Originally posted by gui10 if you want kde, create a .xinitrc file in your user's home directory (if it hasn't been already created) and then add a line like this:
exec startkde
if there are other lines starting with the word 'exec', comment them out. if it is a new file, u just need the above line.
after you have saved the file, type startx at the command line to begin your kde session.
enjoy!
Slackware can do this simpler for you:
there is a shellscript /usr/X11R6/bin/xwmconfig
copy that to your home-dir (it's not in my $PATH),
and execute it as:
$ xwmconfig
to choose a window-manager before issuing
$ startx.
If you download another wm, it is not too difficult to add that one
too to your xwmconfig (e.g.
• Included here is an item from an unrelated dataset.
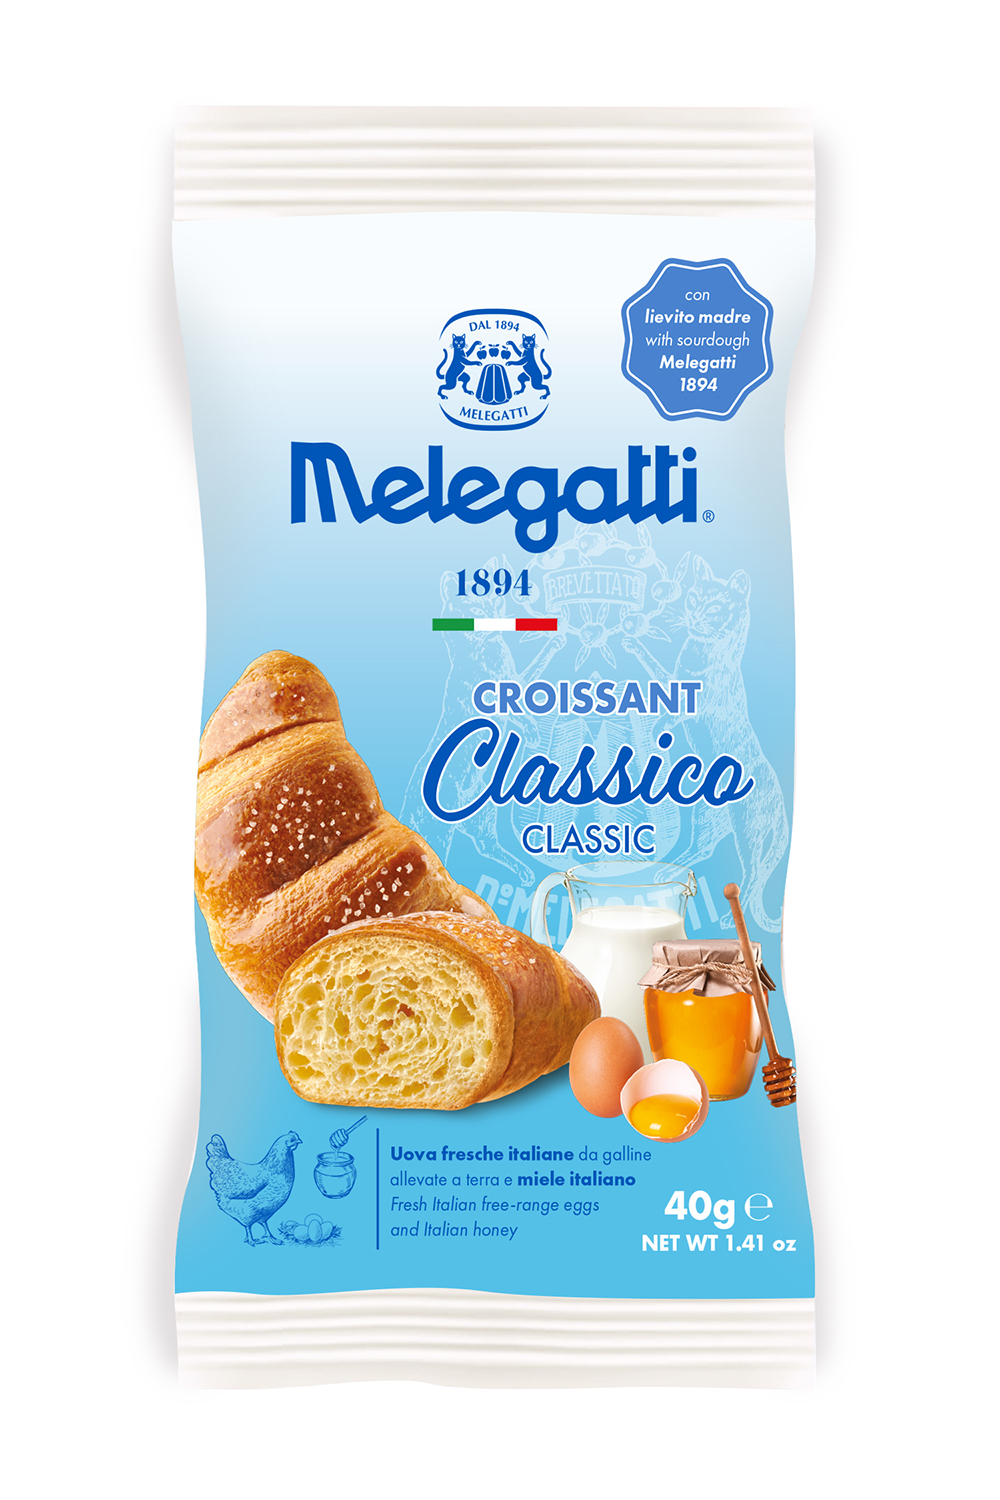 melegatti-croissant-classico

Ratpoison).
exercise:
after starting up KDE, do [Ctrl][Alt]F2
login again
choose with xwmconfig for Gnome (or another wm, KDE again works too)
$ startx -- :1
Now you are in Gnome.
Do [Ctrl][Alt]F7 to enter KDE again and [Ctrl][Alt]F8 gives you Gnome....
What is the max of wm's you can start ??? :-)
Douwe.
Just a comment in regards to the start of this post ie lilo in slackware vs lilo in mandrake.
In both Mandrake 8.1 and 8.2 I was unable to use lilo the installer kept telling bme that it souldn't fit in the MBR??? or couldn't be written?? So I went with grub instead which worked fun.
When I installed Slackware 8.1 last night I had no trouble with lilo at all.
Originally posted by njbrain Slackware is way cooler, and way more powerful than mandrake.
This is the first time I've heard the description of the differences go this direction! I think Mandrake, with all its fancy custom patches, features and cool desktop customizations is way cooler - If only it all worked.
Since I was constantly finding myself "under-the-hood" of Mandrake to get things working correctly, I just went to Slackware, where working "under-the-hood" is the normal way of doing things and therefore was much easier.
I've now been moving to Debian-Unstable because I like having current versions of about 14,000 apps just an "apt-get" away. Also with installing & upgrading apps, Debian usually does everything you want, including updating the menus in all your window managers. The problem is that Debian has special very cryptic ways of doing things (in the Unix tradition) that work well, but only after you learn how to use them correctly. Finally, if you try to get "under-the-hood" with Debian, and don't do it right, all your changes will get "fixed" with the next update session.
Exatly, when I tried to customize anything with Mandrake, I lost most of my programs in the K menu! And I couldn't find any of the command line configuration utilities. It was all automated, and didn't work! I got mad, and switched to Slackware, and I love it.
Compiling new applications and other stuff are REAL easy in Slackware, just do ./configure, make and make install and you go work with the application.
Mandrake on the other hand can't compile most of the applications, because they use their own patched libraries and such stuff.
Compiling new applications and stuff is REAL easy in Mandrake, just do ./configure, make, and make install and you go work with the application. I do it whenever I need to.
The question is why would you normally bother to compile from source in Mandrake. The many thousands of programs available in the urpmi repositories are sufficient for *most* users. True, once in a while a power user or one with special needs has to compile, either because the app isn't in the urpmi repositories, or because they *need* a newer version. In that case, ./configure, make, make install works just fine (as long as you know what you're doing).
And why would you bump a year-old thread just to slag another distro?